On Wed, Nov 15, 2023 at 10:26 AM Hangxiang Yu <master...@gmail.com> wrote:

> Hi, Rui.
>
> As I mentioned before: the user didn't really want
> > to log into taskmanager.out, it just happened by accident.
> > So, if users change the System.out to LOG.info, it still happen.
>
> Thanks for the feedback.
> I saw some users may debug operator correctness using print() or System.out
> which may bring lots of info.
> It's fine if files are separate, otherwise these will make taskMnanager.log
> roll quickly.
> But I think it's fine if we don't use it as default first.
>
> Do you mean like this: LOG.info("taskName {} : {}", taskName,
> > userLogContext)?
> >
>
> Yes, That's what I mean.
>
> On Sat, Nov 11, 2023 at 12:54 AM Piotr Nowojski <piotr.nowoj...@gmail.com>
> wrote:
>
> > Thanks! :)
> >
> > Best, Piotrek
> >
> > czw., 9 lis 2023 o 16:15 Rui Fan <1996fan...@gmail.com> napisał(a):
> >
> > > Hi Piotr,
> > >
> > > Thanks for your feedback!
> > >
> > > > Or implement your own loop? It shouldn't be more than a couple of
> > lines.
> > >
> > > Implementing it directly is fine, I have updated the FLIP.

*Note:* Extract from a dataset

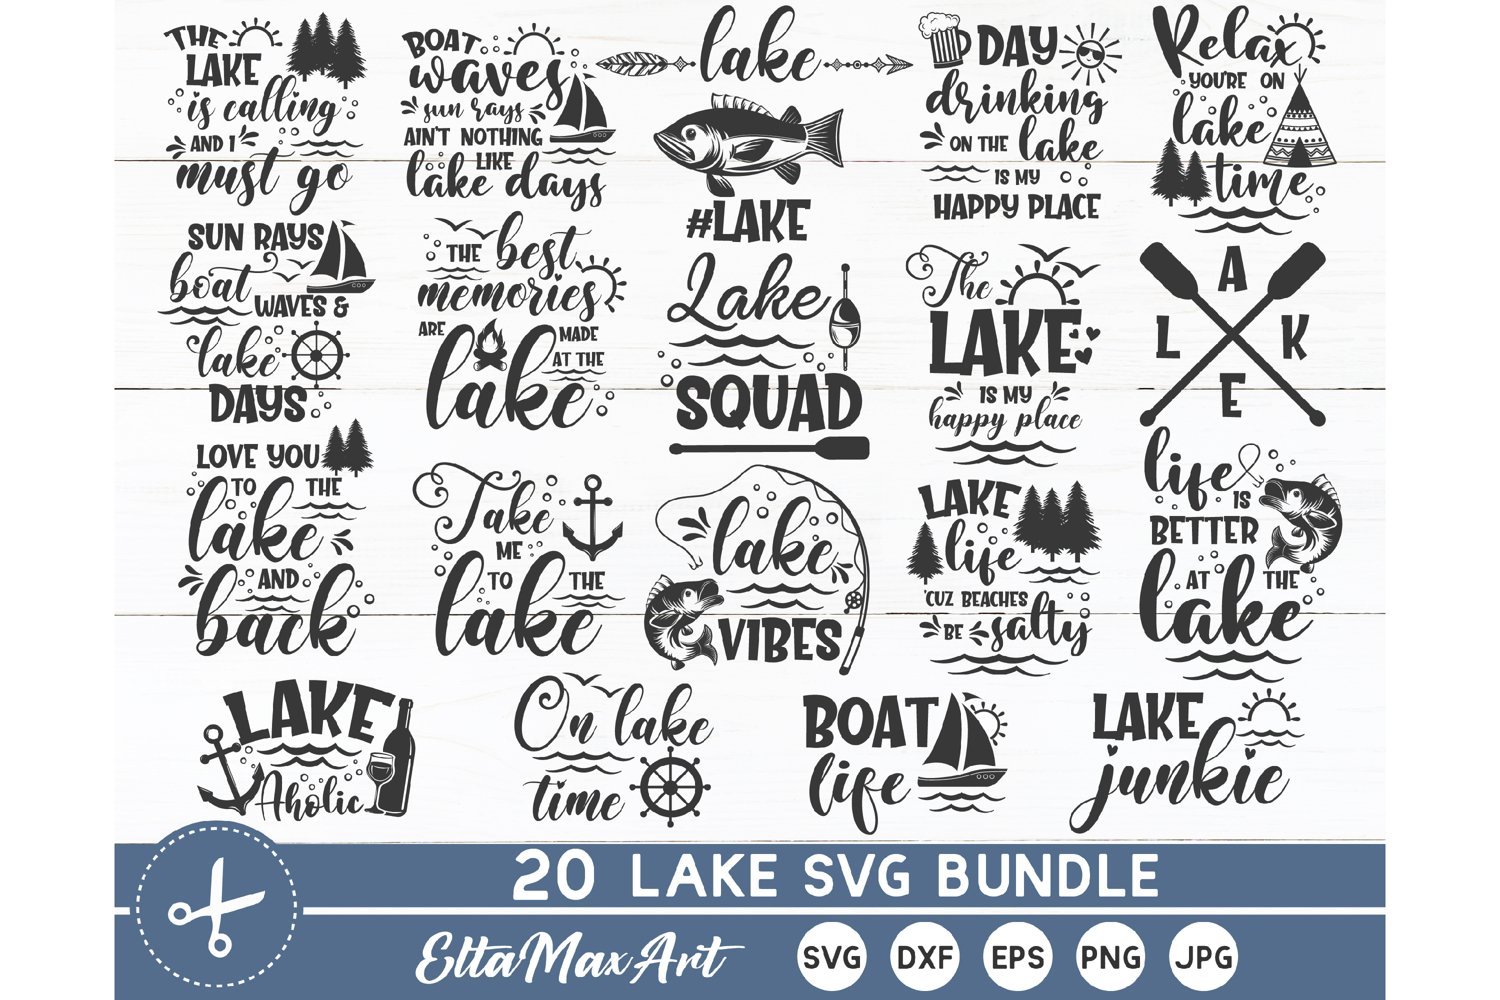 This set includes 20 Lake SCG Quotes.

> > > And this logic can be found in the  `isLineEnded` method.
> > >
> > > Best,
> > > Rui
> > >
> > > On Thu, Nov 9, 2023 at 11:00 PM Piotr Nowojski <
> piotr.nowoj...@gmail.com
> > >
> > > wrote:
> > >
> > > > Hi Rui,
> > > >
> > > > > I see java8 doesn't have `Arrays.equals(int[] a, int aFromIndex,
> int
> > > > > aToIndex, int[] b, int bFromIndex, int bToIndex)`,
> > > > > and java11 has it. Do you have any other suggestions for java8?
> > > >
> > > > Maybe use `ByteBuffer.wrap`?
> > > >
> > > > ByteBuffer.wrap(array, ..., ...).equals(ByteBuffer.wrap(array2, ...,
> > > ...))
> > > >
> > > > This shouldn't have overheads as far as I remember.
> > > >
> > > > Or implement your own loop? It shouldn't be more than a couple of
> > lines.
> > > >
> > > > Best,
> > > > Piotrek
> > > >
> > > > czw., 9 lis 2023 o 06:43 Rui Fan <1996fan...@gmail.com> napisał(a):
> > > >
> > > > > Hi Piotr, Archit, Feng and Hangxiang:
> > > > >
> > > > > Thanks a lot for your feedback!
> > > > >
> > > > > Following is my comment, please correct me if I misunderstood
> > anything!
> > > > >
> > > > > To Piotr:
> > > > >
> > > > > > Is there a reason why you are suggesting to copy out bytes from
> > `buf`
> > > > to
> > > > > `bytes`,
> > > > > > instead of using `Arrays.equals(int[] a, int aFromIndex, int
> > > aToIndex,
> > > > > int[] b, int bFromIndex, int bToIndex)`?
> > > > >
> > > > > I see java8 doesn't have `Arrays.equals(int[] a, int aFromIndex,
> int
> > > > > aToIndex, int[] b, int bFromIndex, int bToIndex)`,
> > > > > and java11 has it. Do you have any other suggestions for java8?
> > > > >
> > > > > Also, this code doesn't run in production. As the comment of
> > > > > System.lineSeparator():
> > > > >
> > > > > > On UNIX systems, it returns {@code "\n"}; on Microsoft
> > > > > > Windows systems it returns {@code "\r\n"}.
> > > > >
> > > > > So Mac and Linux just return one character, we will compare
> > > > > one byte directly.
> > > > >
> > > > >
> > > > >
> > > > > To Feng:
> > > > >
> > > > > > Will they be written to the taskManager.log file by default
> > > > > > or the taskManager.out file?
> > > > >
> > > > > I prefer LOG as the default value for taskmanager.system-out.mode.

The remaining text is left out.